Of course, moving that needle hasn't come without some pushback. During the 2019 holiday season, the conservative group One Million Moms publicly complained about the Hallmark Channel's decision to air a Zola commercial that featured a lesbian kiss. The network pulled the ads, only to put them back on the air following a public outcry led by prominent LGBTQ voices like country singer Chely Wright and Queer Eye star Bobby Berk.
That controversy led to the departure of Crown Media Family Networks CEO Bill Abbott in January 2020. Abbot has since taken the top job at GAC Media, and is in the process of launching GAC Family into the holiday movie game. The new network has already made some high-profile hirings — including several Hallmark Channel mainstays — although its commitment to diversity remains a subject of much speculation.
In June 2020, Hallmark's new leadership team unveiled an early look at a holiday movie lineup that was conspicuously absent of LGBTQ characters and storylines, leading to another negative social media cycle. But that changed within weeks, as the network made a public commitment to diversifying the characters and stories of its Christmas fare. That promise was realized when The Christmas House premiered on Nov. 22 and became a success story, even as One Million Moms launched an online petition calling for a boycott of the network.

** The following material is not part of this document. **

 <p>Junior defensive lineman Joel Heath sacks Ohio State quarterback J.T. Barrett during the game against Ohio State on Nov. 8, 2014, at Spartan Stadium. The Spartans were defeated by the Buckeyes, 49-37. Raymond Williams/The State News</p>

For his part, Bennett says he wasn't listening to the "haters" in the run-up to The Christmas House's historic premiere last year. "I was too busy trying to find the trench coat I wore in the movie to give to the Smithsonian because Hallmark made history with this movie," he says, laughing. "I am so proud of the Hallmark Channel and their commitment to inclusion and diversity. If the younger me were to see two men in love at Christmas, I think he would have felt a little less scared. And I hope that we’re able to make a whole bunch of other LGBTQ-plus people feel less scared and more seen during the holidays with their families." Another familiar Hallmark Channel face, Candace Cameron Bure, is similarly pleased to see the network making more room under the Christmas tree for diverse characters. "Everyone deserves to be represented," she tells Yahoo Entertainment as part of a recent interview for the Are the Kids Alright? video series. "They are striving to do that and I'm just gonna continue to do the same. It's nice to see fresh faces, and you hear all kinds of stories about all different families, because families look different everywhere you go."

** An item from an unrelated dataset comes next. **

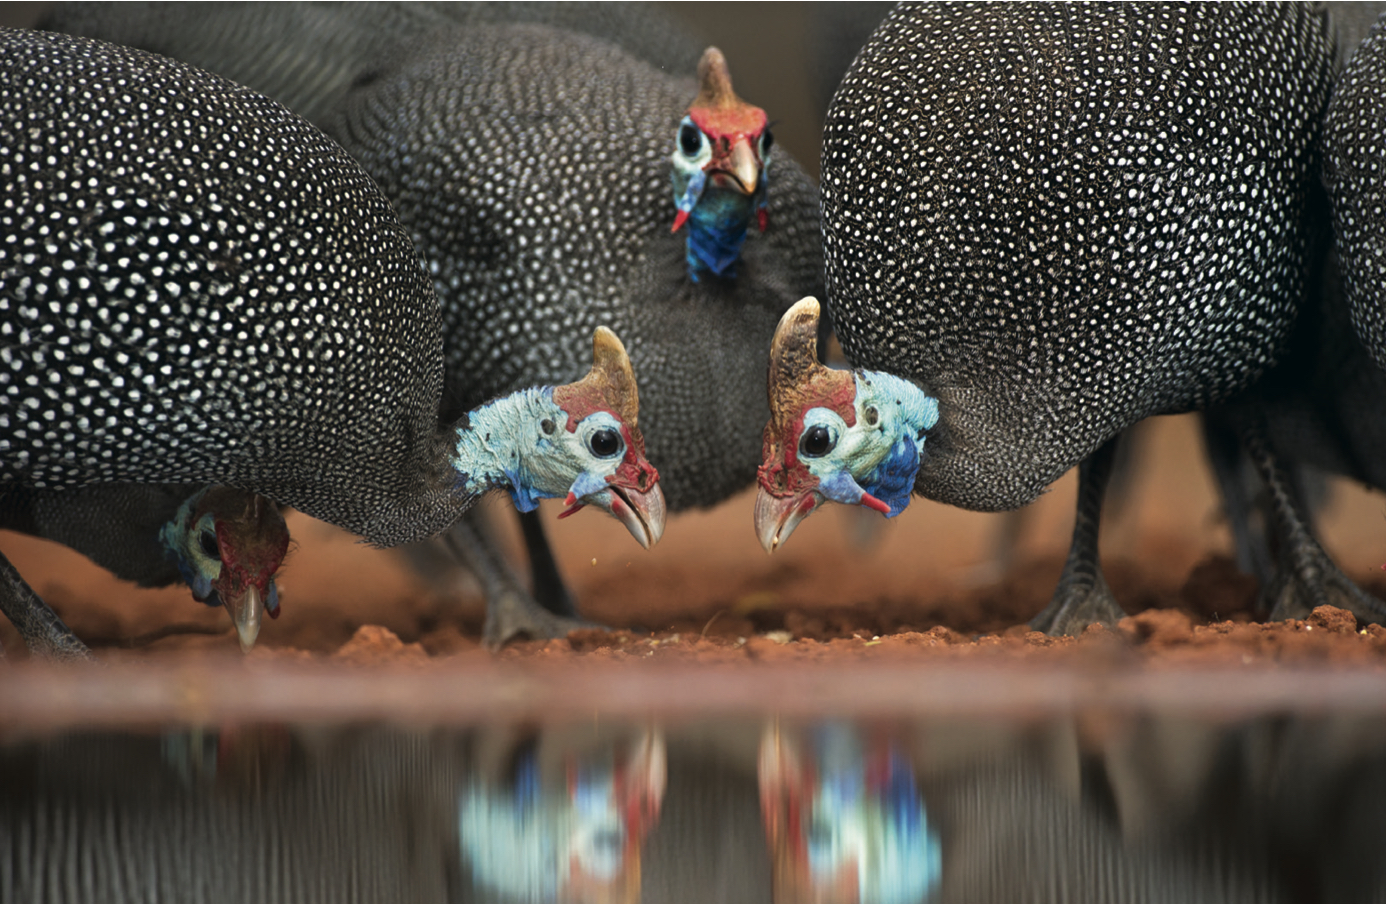 The Seven top facts about Guinea Fowl (discovered by a new owner

In the spirit of Single All the Way's message to not hide one's true feelings, Urie has a message for those who might try to make Christmas movies yet another front in the culture wars: "Bring it on," he says with a smile. "If they think gay people don't love Christmas, then they're living under some kind of heterosexual rock. If you don't like watching gay people love Christmas, then you can go find one of the literally thousands of other straight Christmas movies. As we take over, Christmas movies will be inherently gay, and the ones about straight people will have to be described as straight Christmas movies!"

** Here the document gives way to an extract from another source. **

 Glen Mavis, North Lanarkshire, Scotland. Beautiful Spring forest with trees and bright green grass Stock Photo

Urie points to a specific scene in Single All the Way that acts as a signpost for the lasting change that's coming to holiday movies. It's a simple, yet moving one in which Chambers and Bostwick have a heart-to-heart about how best friends can also make the best life partners.
"Barry Bostwick is a total icon — he'll always be hot! — but let's face it: He's an old white man," Urie says, laughing. "So an old, straight white man telling a young, queer Black man that they're same... there's something so beautiful in that. Their experiences and backgrounds are different, but when it comes to love and companionship, these guys are the same. There will be a lot of old white men who end up watching this movie because whoever they're with told them to. When they see that scene, they'll realize this movie is also for them — and I love that."